Teens may also engage in risky behaviors, such as drinking alcohol, smoking cigarettes, or using drugs.
#12 – You can treat severe cases with magnets
In severe cases, people with depression may be treated with transcranial magnetic stimulation (TMS). TMS is a non-invasive procedure that uses magnets to stimulate the brain.
TMS is usually done in a hospital or clinic. It is not yet known if TMS is effective for treating depression.
#13 – Carbohydrates have been linked to depression
A diet high in carbohydrates has been linked to depression. A study published in the American Journal of Psychiatry found that people who ate a diet high in refined carbohydrates were more likely to be depressed.
Eating a diet high in carbs can cause blood sugar levels to spike and crash. This can lead to fatigue, irritability, and mood swings.
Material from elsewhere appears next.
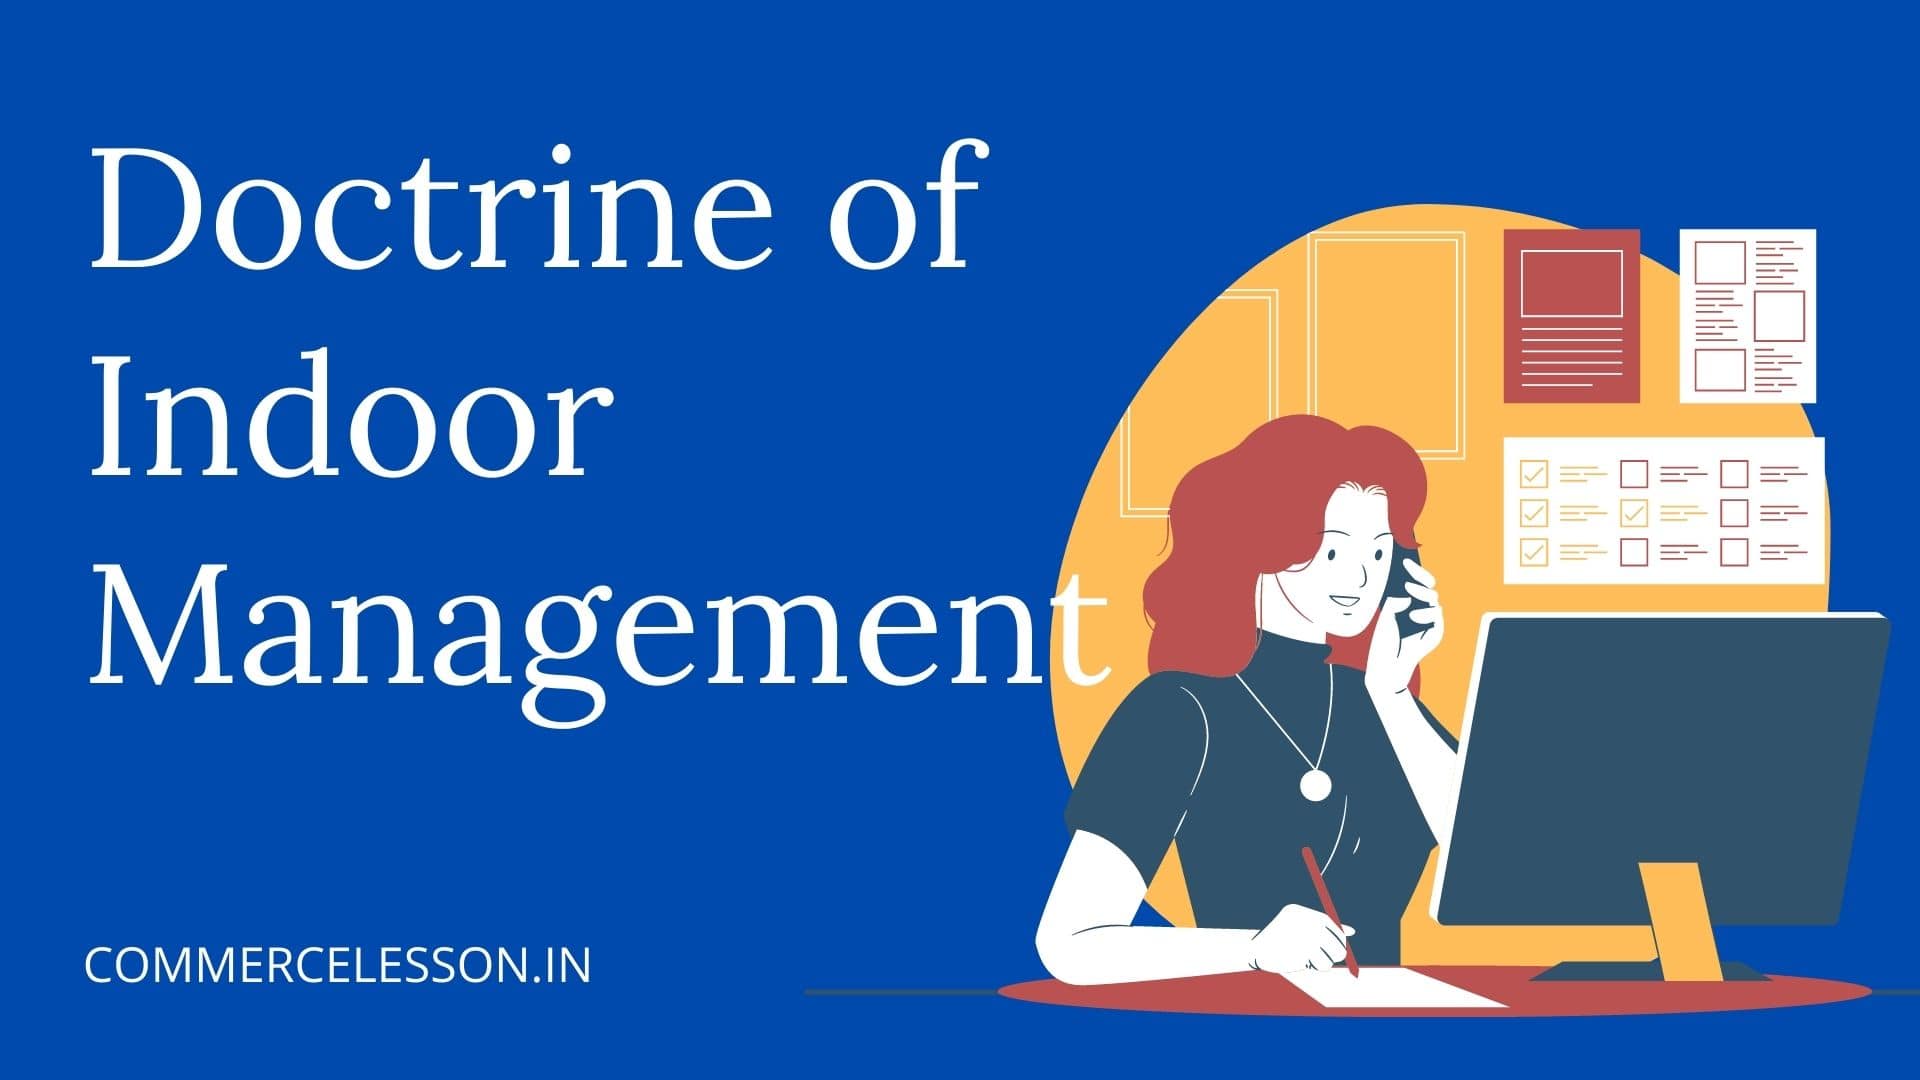 Doctrine of indoor Management

#14 – People who are depressed suffer from colds more frequently
People who are depressed suffer from colds more frequently than people who are not depressed. A study published in the journal Psychosomatic Medicine found that people who were depressed were more likely to catch a cold.
The reason for this is not yet known, but it may be due to the fact that people who are depressed have weakened immune systems.
#15 – What are the emotional symptoms?
The emotional symptoms of depression include: feeling helpless, hopeless, and worthless; feeling anxious, irritable, or angry; losing interest in things you used to enjoy; feeling guilty or ashamed; and having low energy levels.
These symptoms can be so severe that they interfere with your ability to work, study, eat, sleep, and enjoy activities you once enjoyed.
Depression is a serious mental health disorder that should not be taken lightly. It’s important to educate yourself on the different aspects of depression in order to better understand what people who suffer from it are experiencing. If you think you may be suffering from depression, please seek professional help.